Time for Conferences 2.0
December 16th, 2007 | by Henrik | published in Blog, Conferences | Comments (8)
Updated June 3, 2008
Current conferences have not changed their formats much in the last 20 years, they are still mostly about one-way communication. They look like television in the 80s: a guy telling you what is happening and showing you slides or videos about it. Your role as a delegate is to sit still, perhaps take some notes and hope that the speaker will disclose something you do not know already.
These types of events could still be fun and useful socially, but it is a very inefficient way to communicate, inspire and create real learning. And it is totally out of synch with all other forms of modern media in the internet age, where it is about two-way communication and the users are active participants in creating experiences together with the publishers.
Conferences 1.0
They way most conferences today are organized:
- The web site is used only for listing the program and signing up the delegates.
- As soon as the conference starts, the web site is dead.
- In better 1.0 conferences the web site links to the presenter’s slide shows a week or two after the conference, unfortunately there are just a few that still have the time then.
- There are no speaker videos on the web site, for fear that it will make people enjoy them at home instead of paying to be at the conference. (But the TED conference made a huge success when they dared oppose this wisdom and started publishing all the speeches online)
- They drag on for 2-3 days with a stiff dinner or drinks “party” sponsored by a company that you barely know about and where the delegates hang out with their friends.
- They are all about key-notes, a speaker presenting to the audience, top-down, one-to-many communication with no participation from the audience other than the usual awkward questions from people that want to show off themselves.
- They are huge, with thousands of delegates, making it very hard to make contact with new people.
Conferences 2.0
My vision of conferences that are more engaging and immersive for both the delegates and the speakers:
- They are small, 50 -150 people. Smaller is usually more productive. But once per year or so it could be nice to attend a really big event, perhaps with more focus on relaxing and re-charging.
- They use online tools to let delegates present themselves and their interests and search for other people to meet at the conference.

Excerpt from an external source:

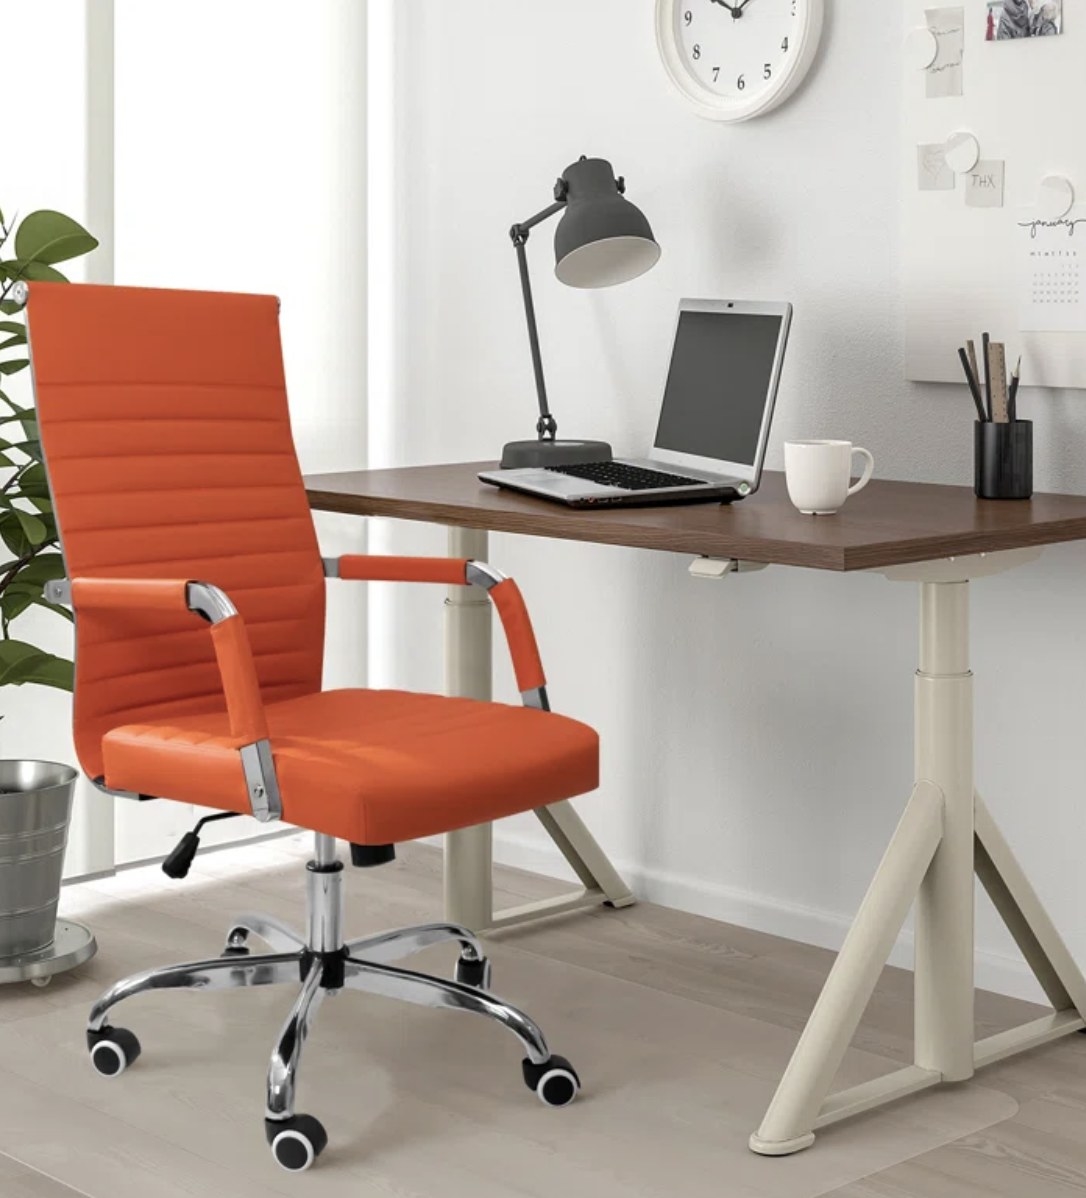 An orange desk chair on wheels in front of a desk

- They are concentrated to one day and evening where everything is designed to catalyze business networking
- There are multiple screens around the stage and the rooms, showing the speakers as well as the back channels
- Consider lending all delegates a wireless laptop for feedback and input
(you think this is expensive? look at the €260 Asus Eee mini-laptop!) - They use online back channels, (services like Twitter, Jaiku), as well as blogs and discussion forums that are open from long before the conference
- The conference web site is the central collection place both before, during and after the conference for inspiring information, links to the speaker sites, blogs, back channels etc.
- Everything that happens during the conference is on the web site, (including all the speaker videos), since:
1. it will inspire many more to come the next time to experience the immersive networking and participation of the physical event.
2. it is a useful tool for the delegates to use when they summarize and report back their experiences after the event. - They consist mostly of moderated discussions on stage with one or several speakers, and many examples are shown of what is being discussed.
- They encourage the delegates to blog during the conference, and linking to all the blogs on the conference web site.
I recommend reading Seth Godin’s blog post “The new standard for meetings and conferences“.